• Task: Starting with the line that contains "Kledingkast ikea op", return every line through the end of the listing below exactly as written. Omit the pictures.

• Material provided:
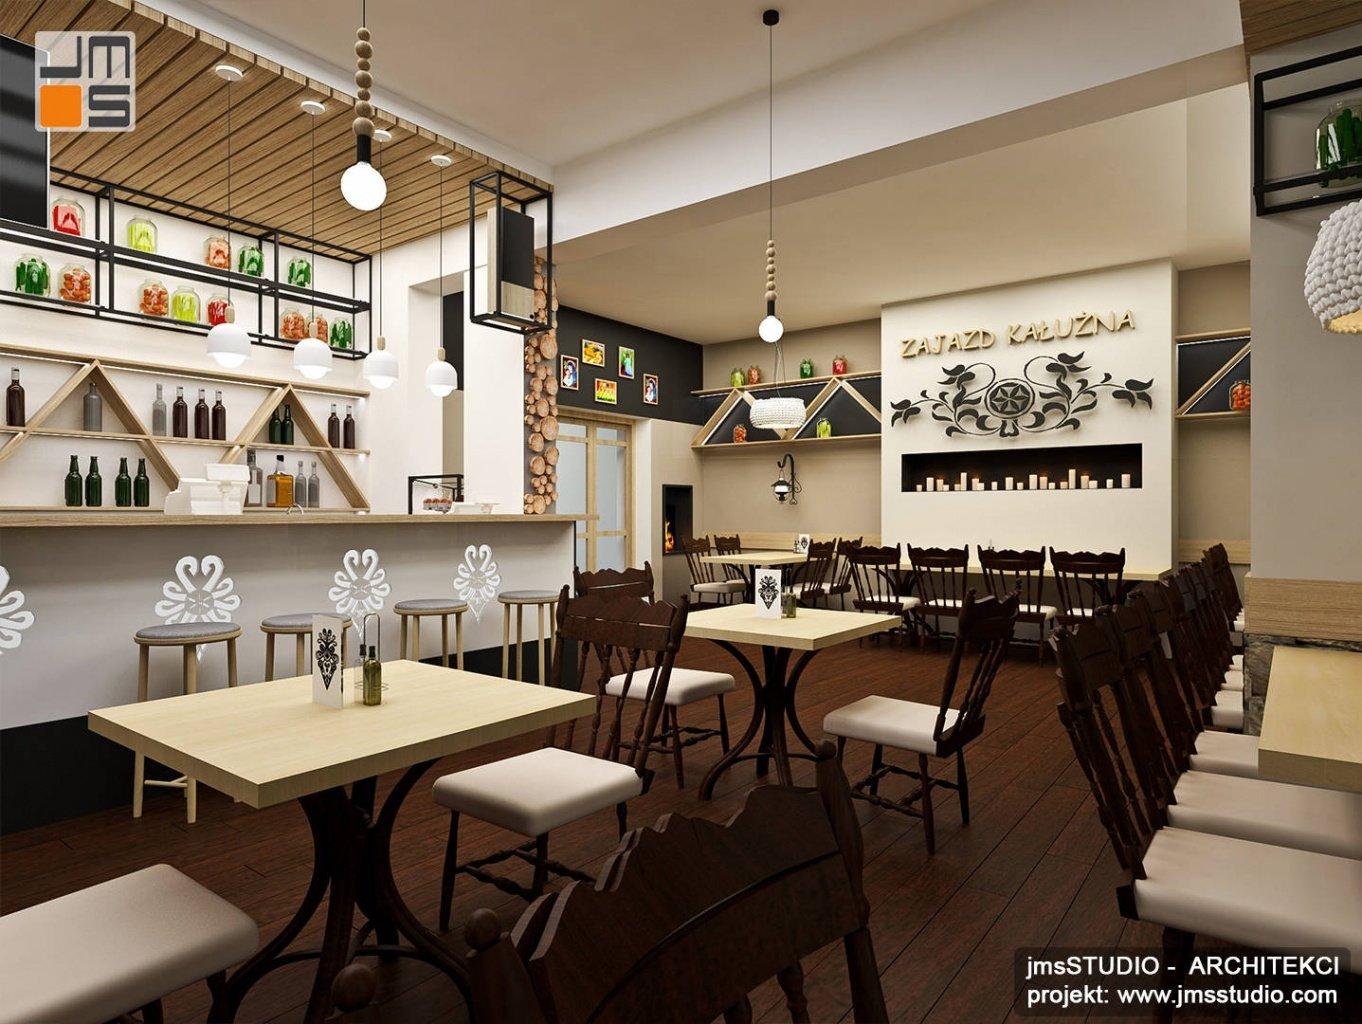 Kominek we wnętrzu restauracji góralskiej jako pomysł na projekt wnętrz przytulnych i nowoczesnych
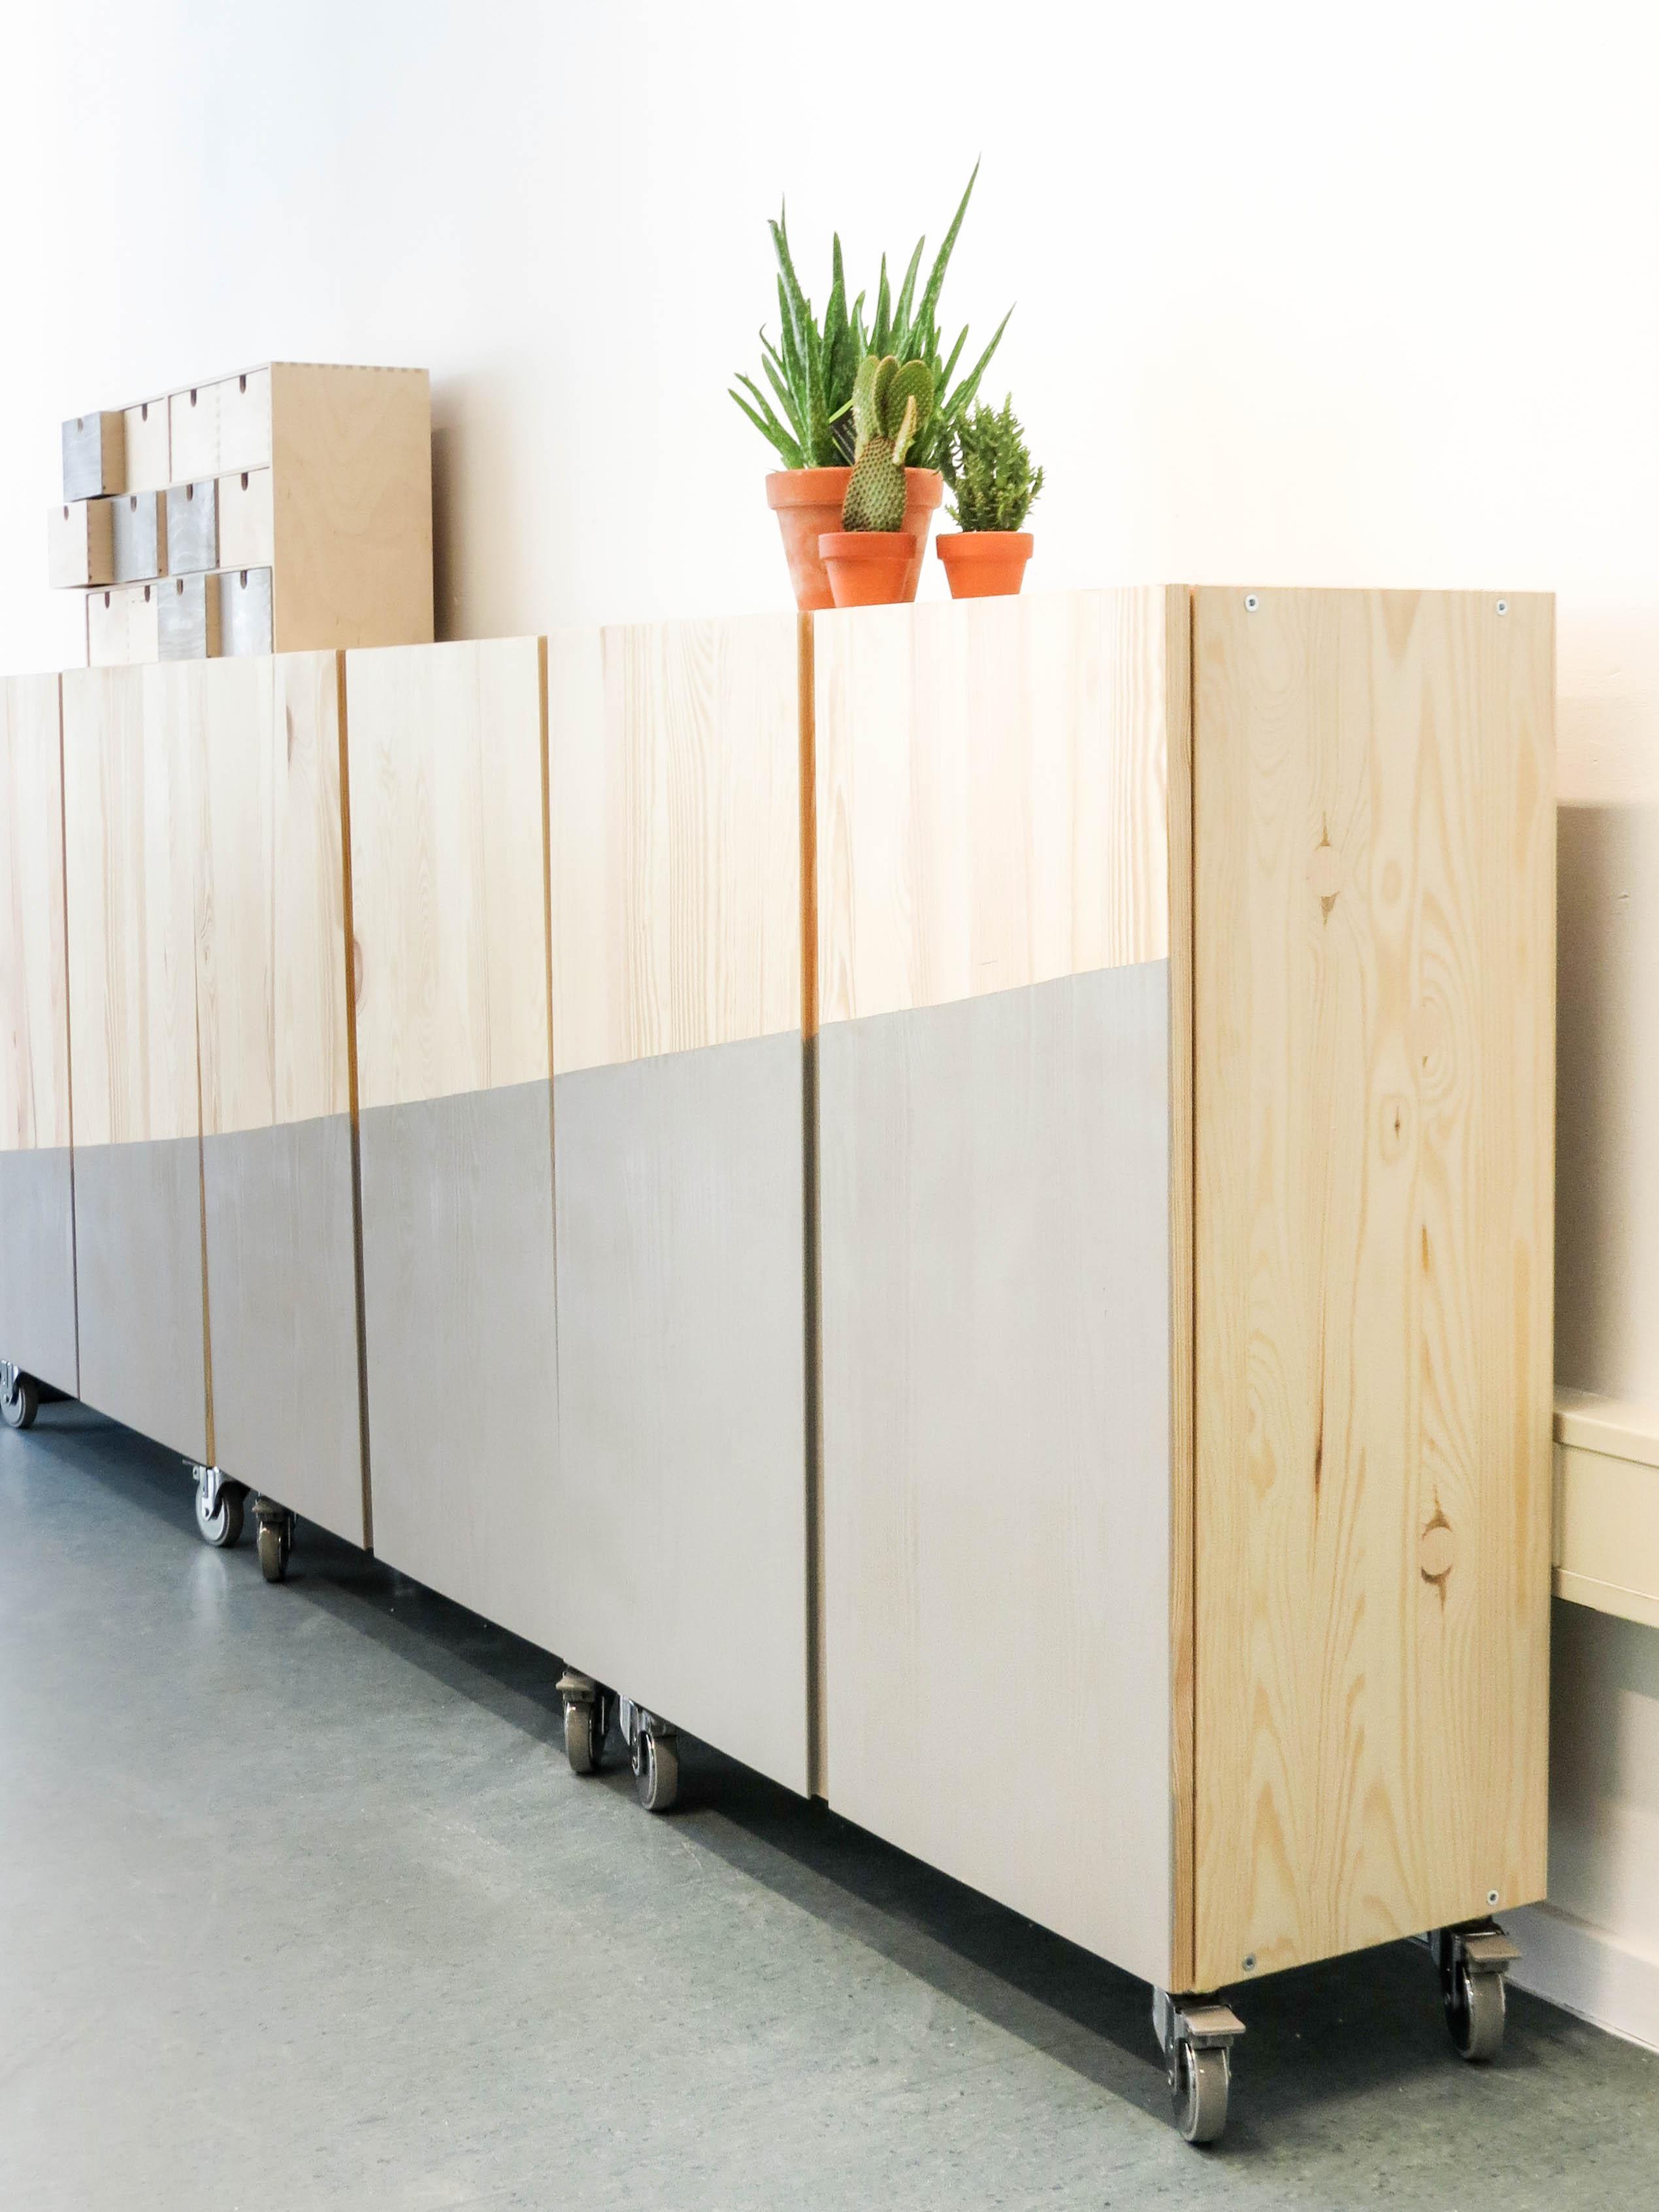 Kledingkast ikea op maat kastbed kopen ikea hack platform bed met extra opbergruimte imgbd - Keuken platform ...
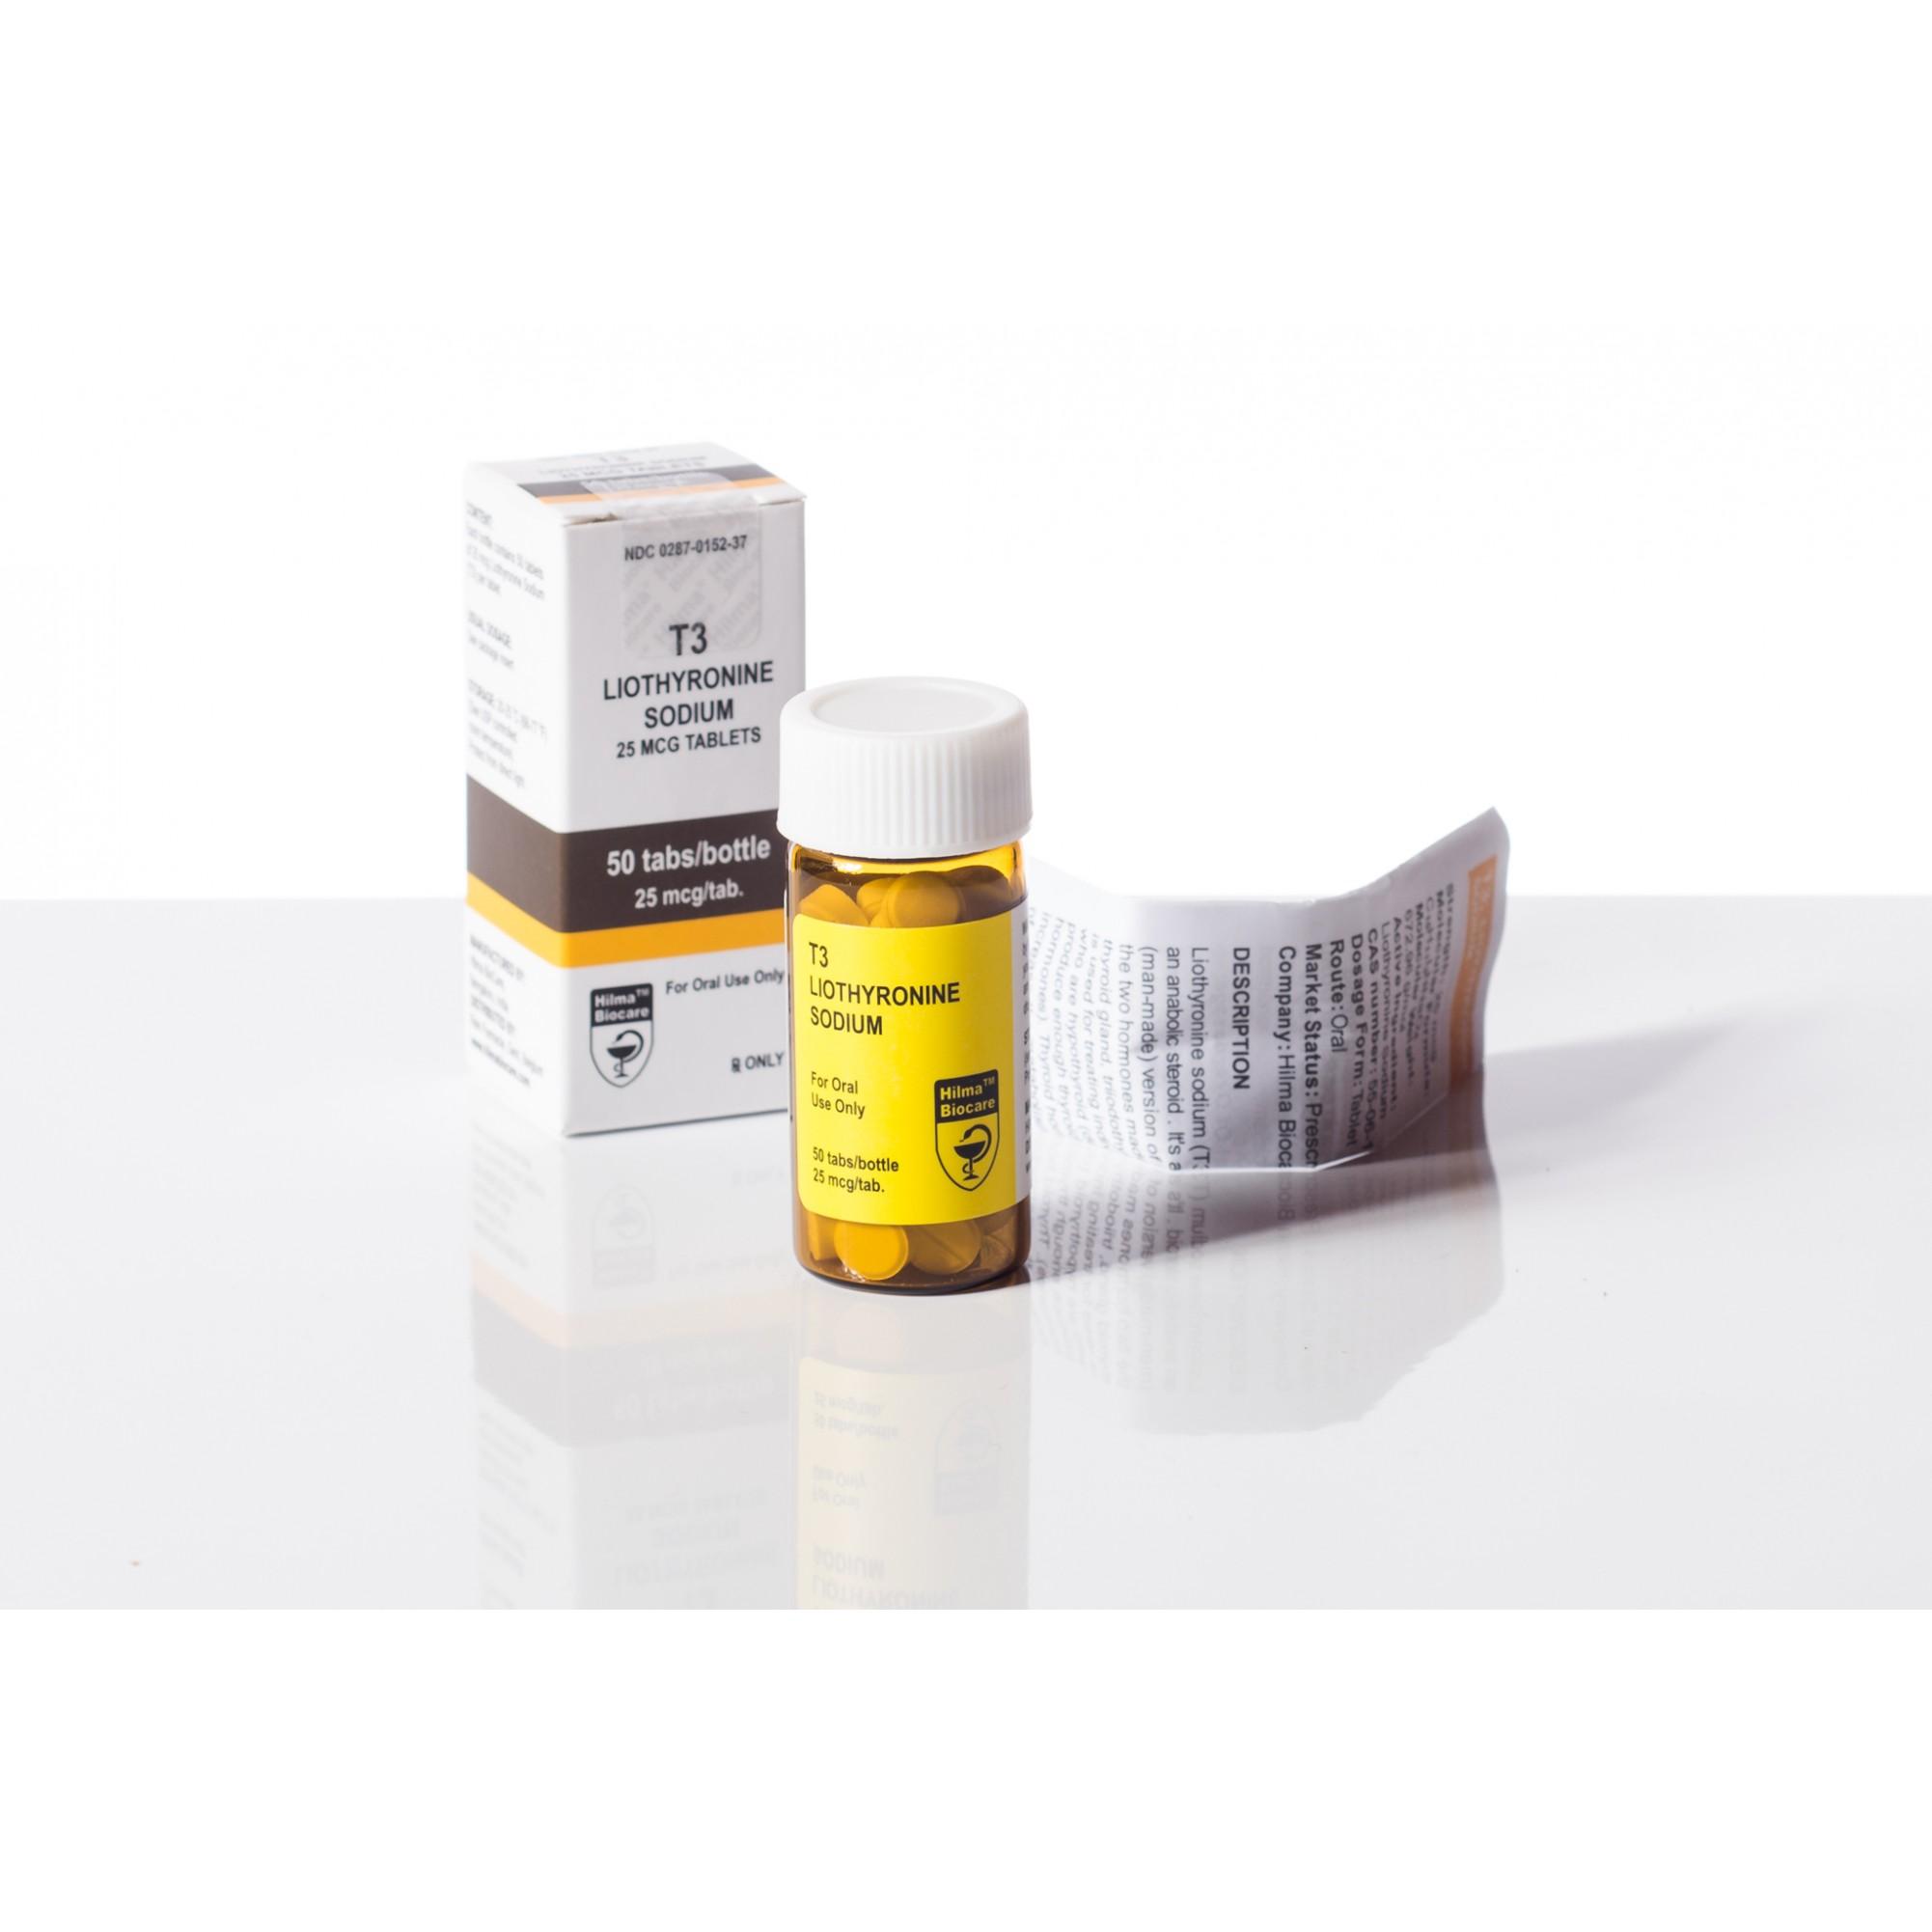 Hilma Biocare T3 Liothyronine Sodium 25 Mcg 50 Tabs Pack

• Task output:
 Kledingkast ikea op maat kastbed kopen ikea hack platform bed met extra opbergruimte imgbd - Keuken platform ...
 Hilma Biocare T3 Liothyronine Sodium 25 Mcg 50 Tabs Pack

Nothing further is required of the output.